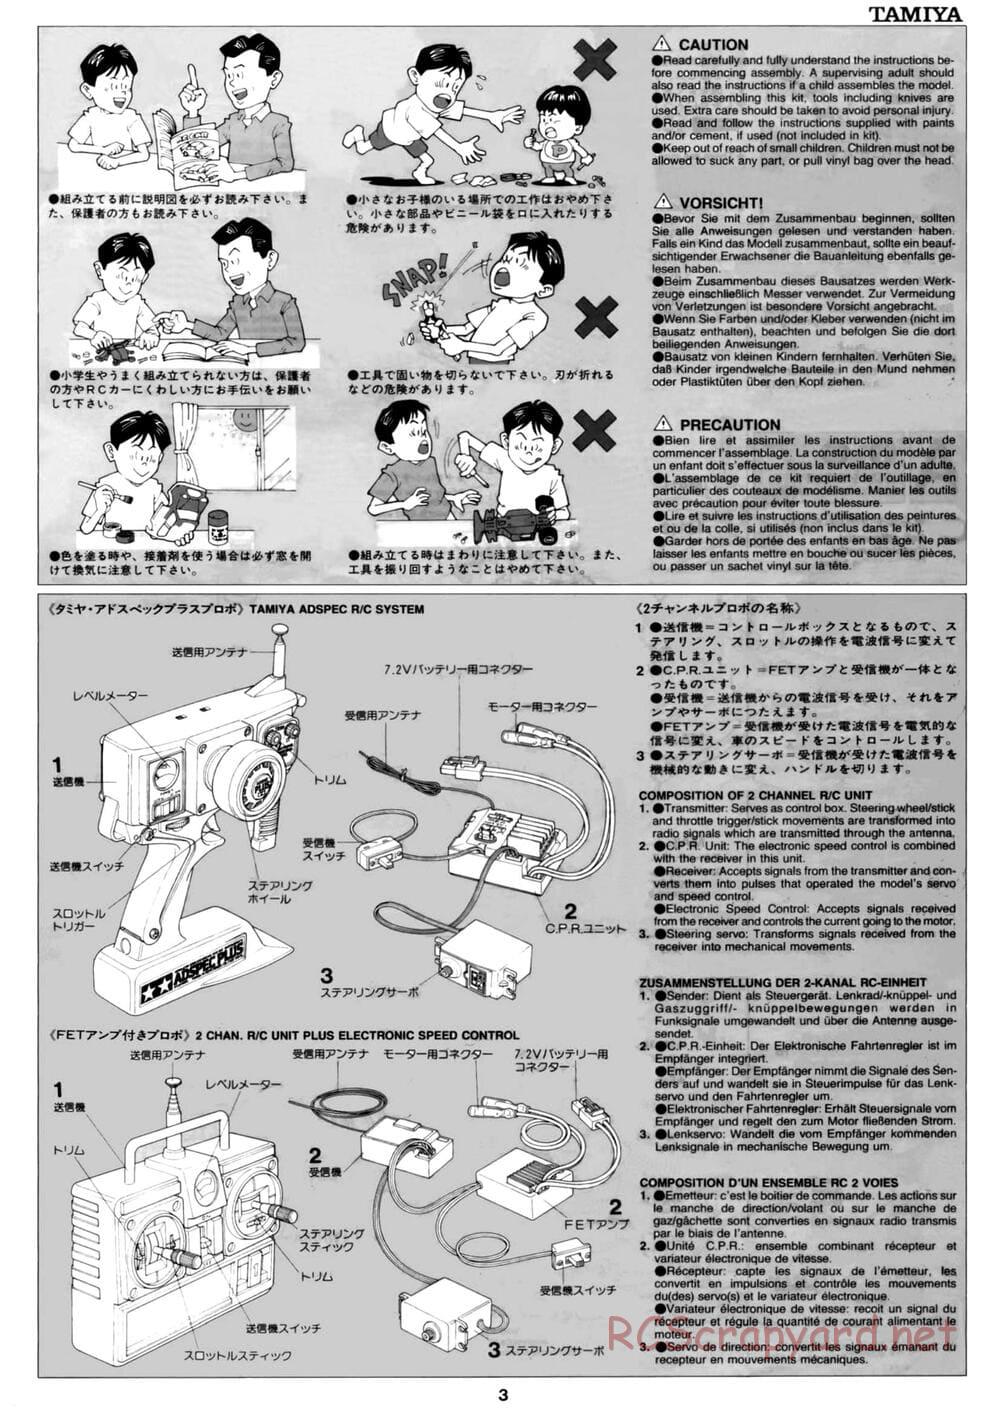 Tamiya - David Jun TA03F Pro Chassis - Manual - Page 3
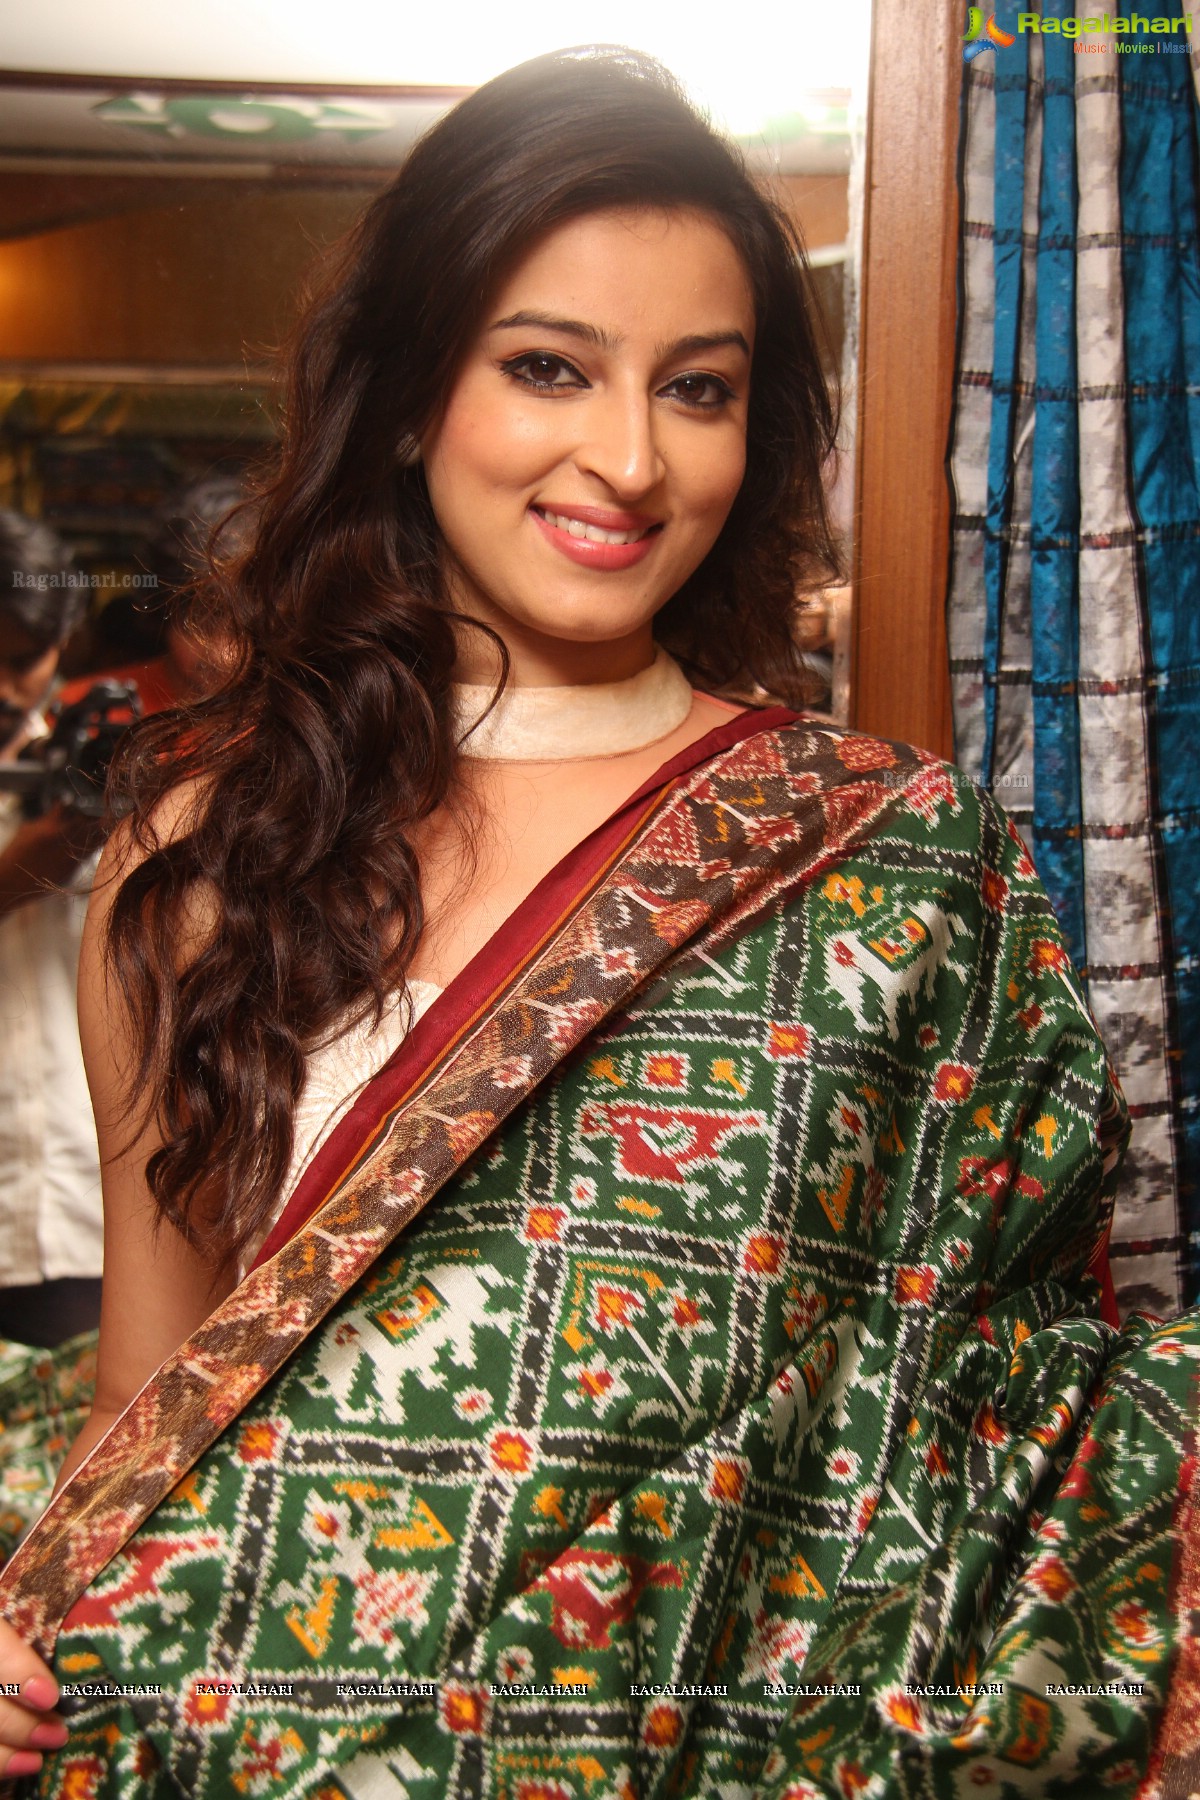 Chandni Sharma
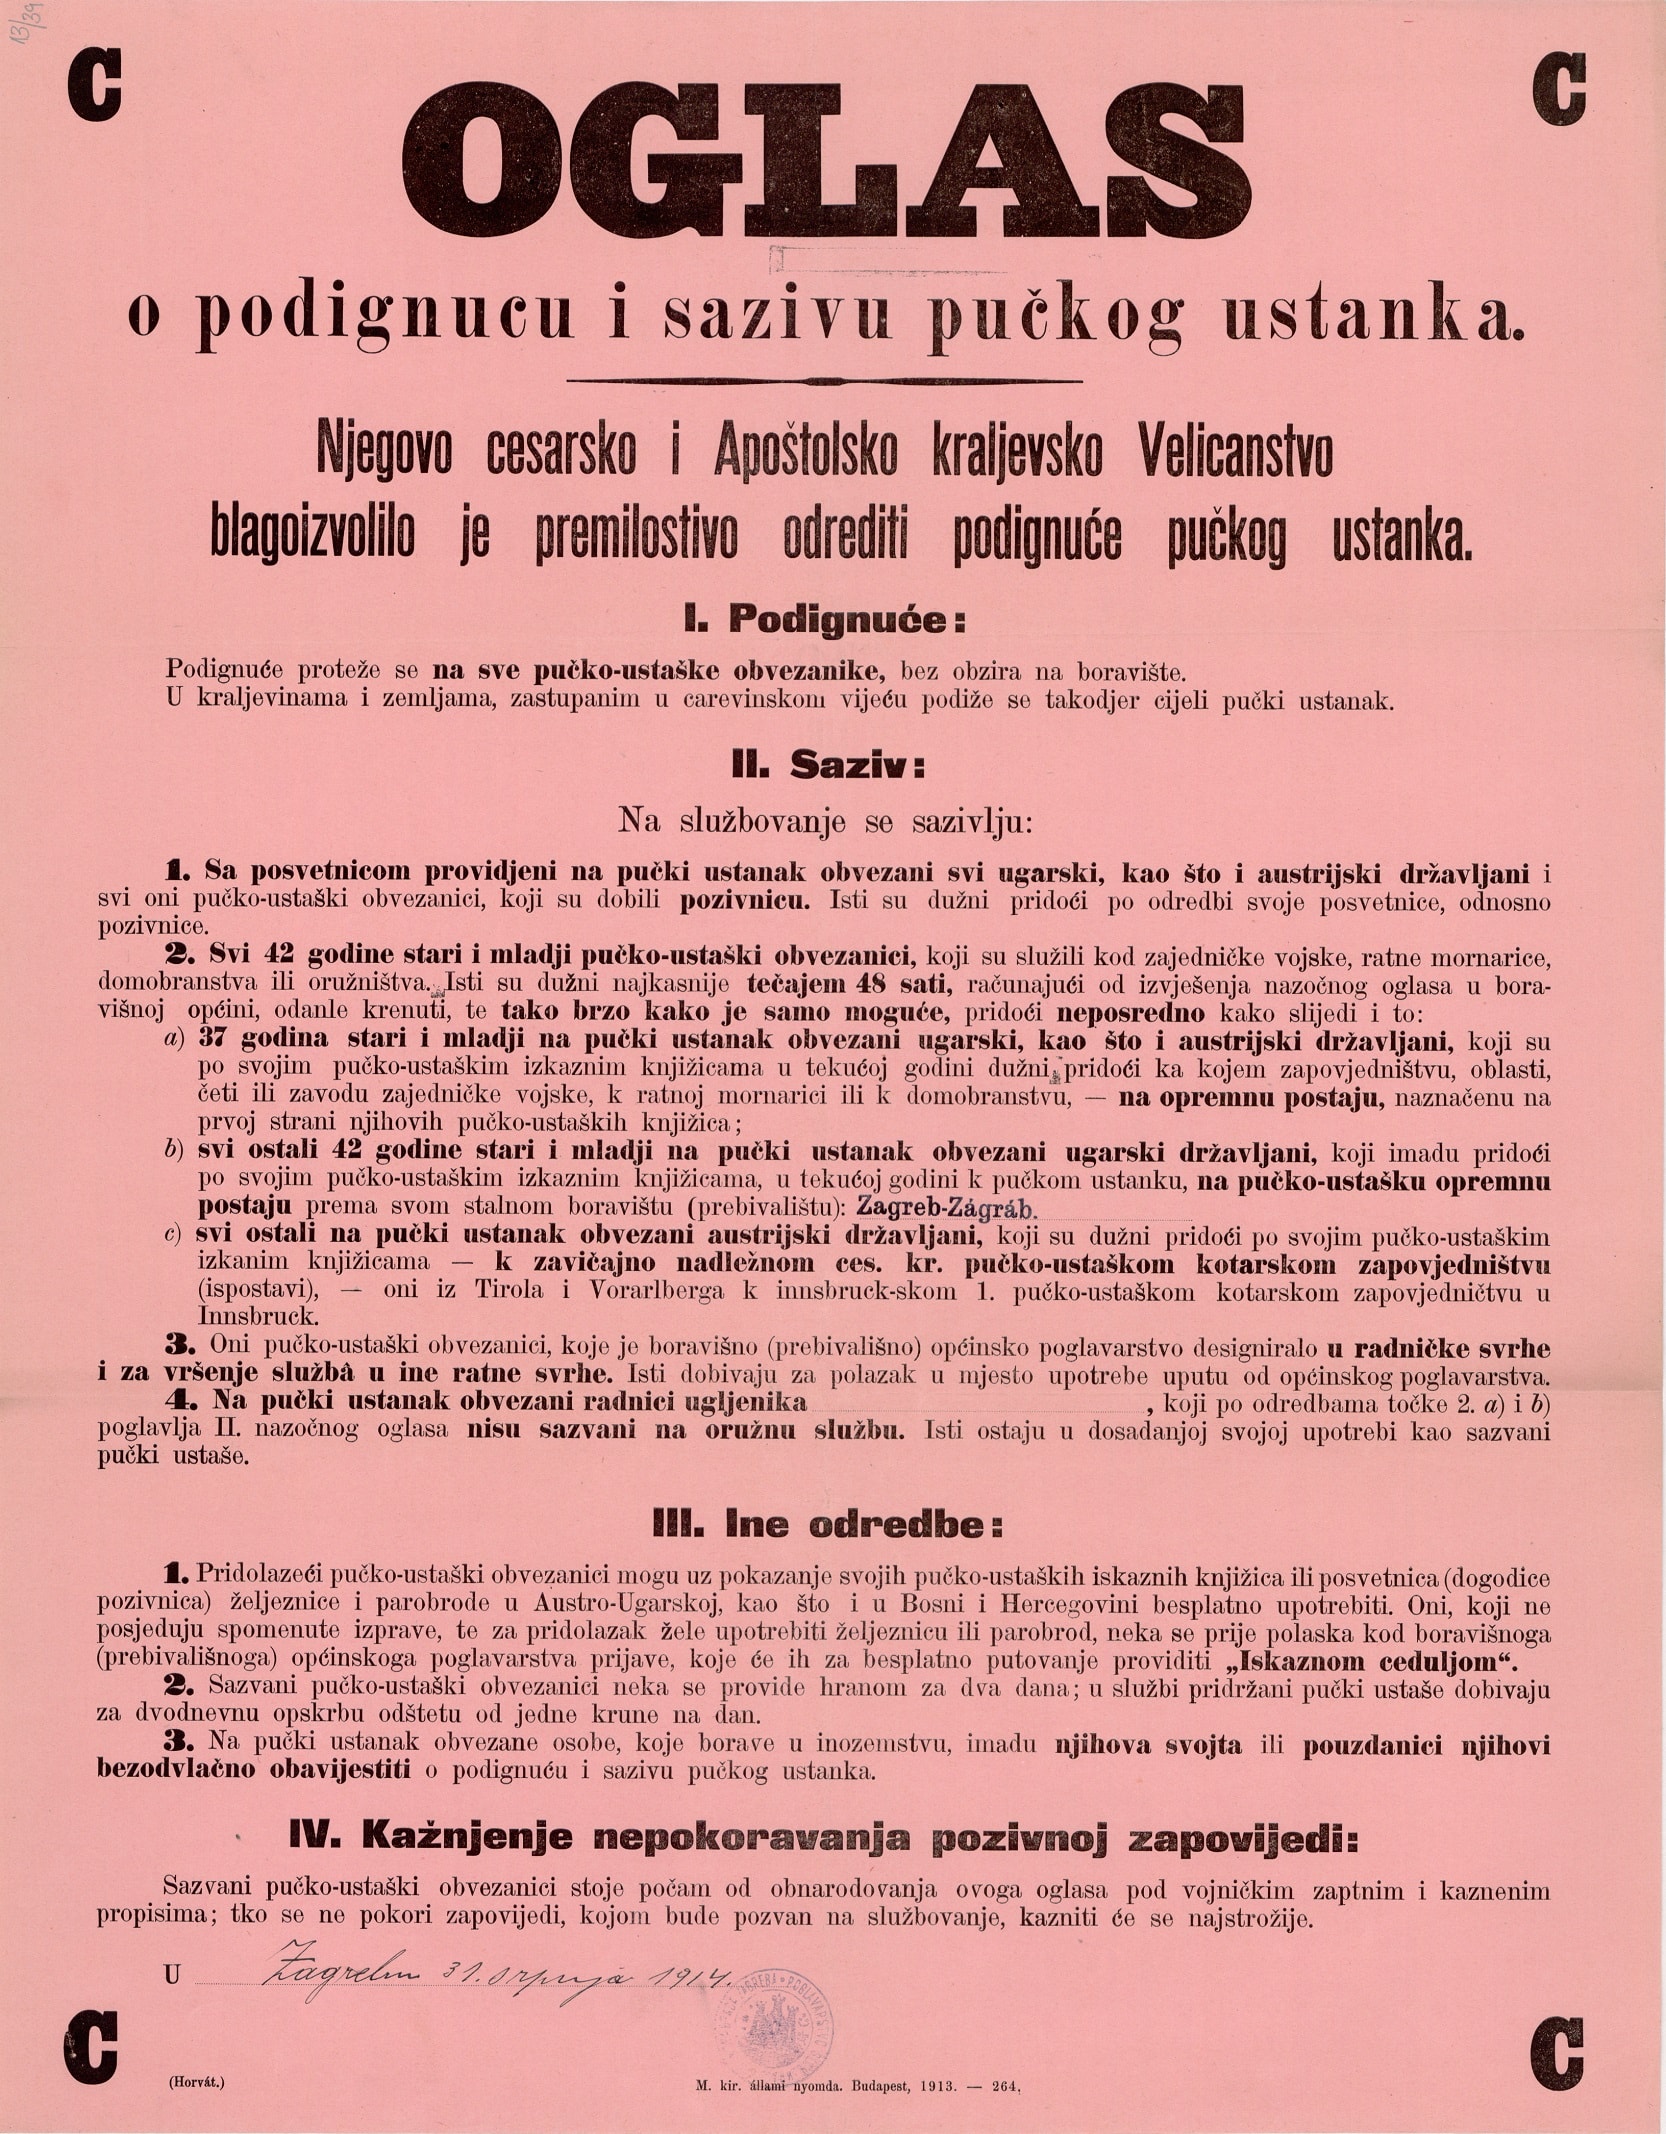 Oglas o podignuću i sazivu pučkog ustanka (HR-HDA-907. Zbirka stampata, br. 1/41)
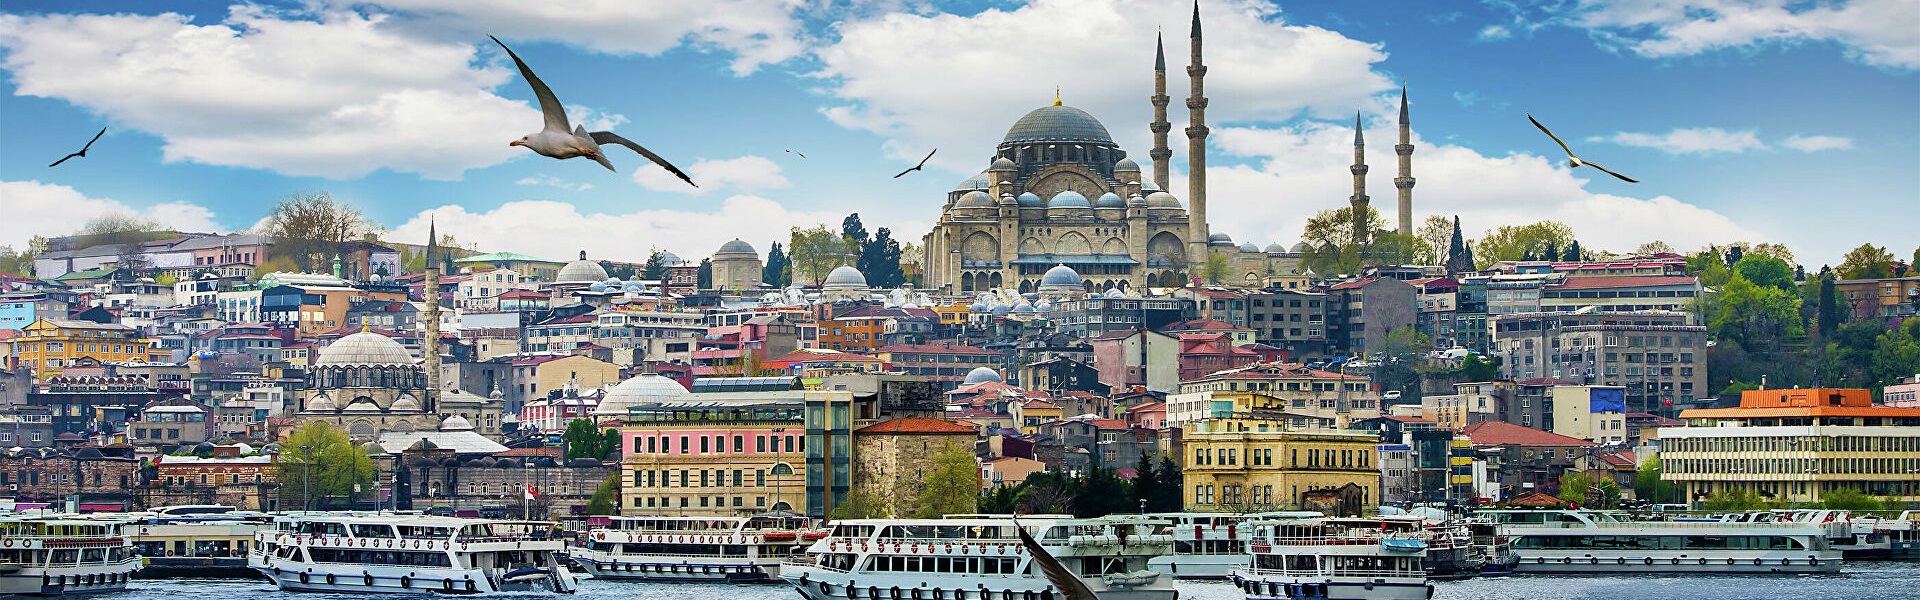 Экскурсии в Стамбуле Турция
____________
**PROBLEM DESCRIPTION**
Write out exactly the lines running from the one with "Chandni Sharma" through the end of the material, both ends included, while leaving the pictures out.

**WRITTEN SOLUTION**
 Chandni Sharma
 Oglas o podignuću i sazivu pučkog ustanka (HR-HDA-907. Zbirka stampata, br. 1/41)
 Экскурсии в Стамбуле Турция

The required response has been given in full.